Prior research has identified advanced age as an independent risk factor for the severity and mortality of SFTS. A retrospective study highlighted individuals over 65 years old as a high-risk group for disease progressing [26]. In our study, the median age of patients with severe SFTS was 70 years, further confirming age as a predictive factor for the severity of SFTS (OR, 1.060; 95% CI, 1.017–1.109; P = 0.007). Moreover, research by Li et al. [27]and Chen et al. [28] underscored advanced age as one of the independent mortality risk factors among SFTS patients in China from 2011 to 2021. The aging process correlates strongly with heightened susceptibility to SFTSV and compromised immune function [29]. Notably, an animal experiment reported that elderly ferrets, when compared to young ones, exhibited higher virus loads and more severe clinical symptoms post-SFTSV infection. This phenomenon was attributed to heightened inflammatory immune responses. In aged ferrets, upregulation of inflammatory pathways, including dendritic cell maturation, leucocyte extravasation, and IL-6 signaling, led to the recruitment of inflammatory cells to sites of inflammation, exacerbating tissue damage and mortality. The compromised immune function in the elderly may serve as the pathological basis for the robust replication of SFTSV in the body [30]. Given these findings, clinicians should exercise heightened vigilance for disease progression in elderly patients.

Independent studies have indicated a significant association between nervous system symptoms and fatal outcomes [31, 32]. Earlier studies revealed that 19.1% (103/538) of cases were complicated by encephalitis, with a mortality of 44.7% among patients suffering from viral encephalitis [9]. In the study of Liu et al., nervous system symptoms were observed in 27.8% (62/223) of patients, with a mortality rate of 41.9% (26/62) [33]. Animal models have demonstrated that SFTSV can breach the blood-brain barrier (BBB) in newborn mice within 3 h post-infection, showing exponential growth after 24 h [34]. Furthermore, the successful isolation of SFTSV gene fragments from the brain tissue of patients suggested the virus’s ability to infect the human nervous system [42], potentially enabling SFTSV to penetrate the BBB in adults and induce encephalitis.
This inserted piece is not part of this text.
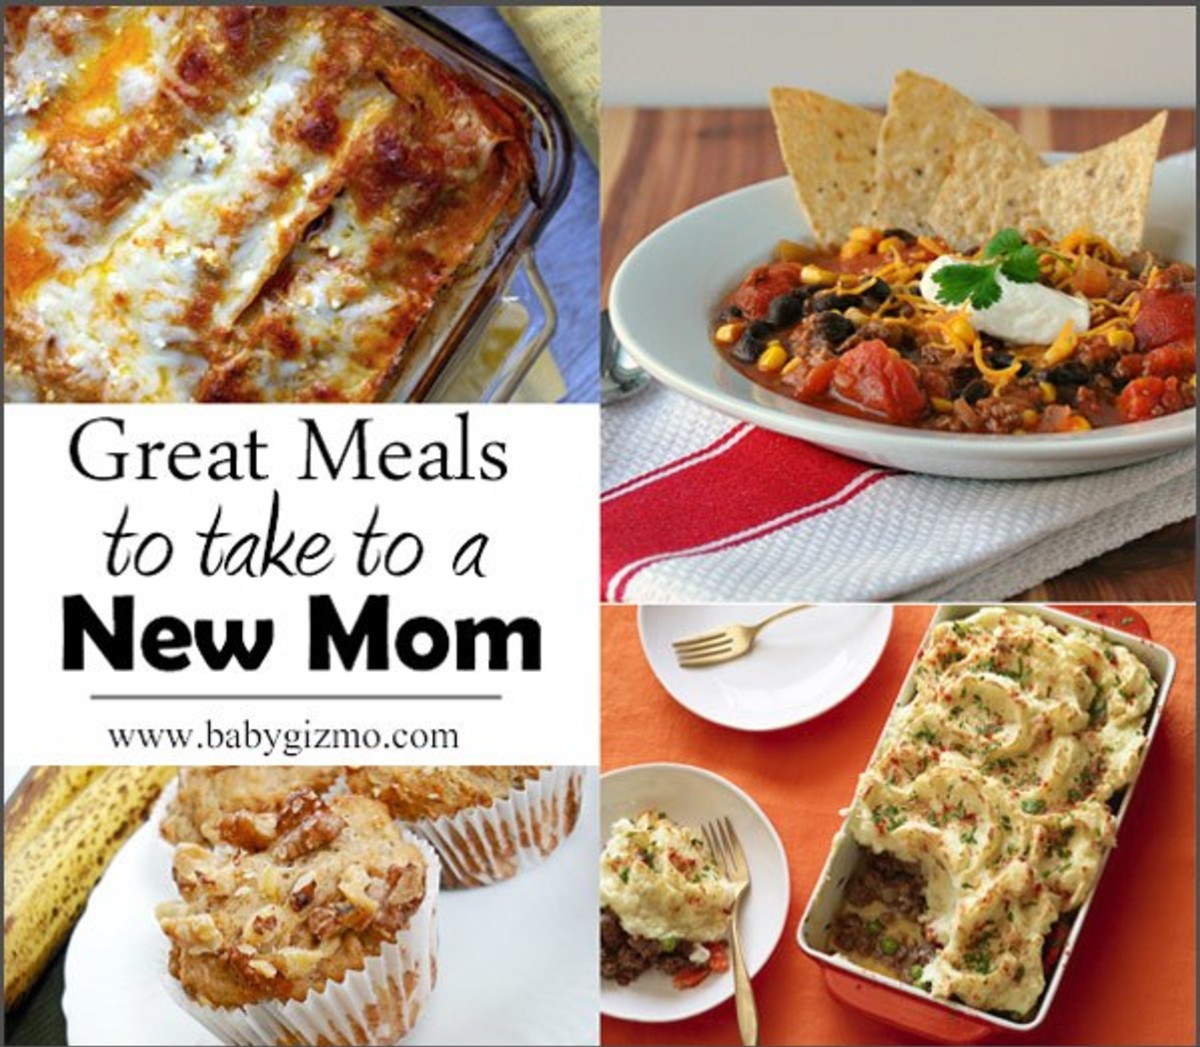 Meals to take to a new mom

Encephalitis, stemming from virus invasion and replication in brain tissue, may underly the association between nervous system symptoms and mortality risk, with elevated cytokine levels in cerebrospinal fluid (CSF) potentially contributing to its encephalitis [35]. Li et al. reported multiple nervous system symptoms were associated with an elevated risk of mortality (OR, 30.26; 95% CI, 21.39–42.81; p < 0.0001), with the significantly increasing number of symptoms [27]. Within the predictors we screened, nervous system symptoms ranked as the most important indicators of severity among patients (OR, 8.244; 95% CI, 3.035–26.858; P < 0.001) in our study. Hence, even mild nervous system symptoms such as headache, dizziness, or confusion in the early stage of the disease warrant adequate attention. This underscores the critical importance of evaluating various nervous system symptoms when assessing the severity and prognosis of SFTS.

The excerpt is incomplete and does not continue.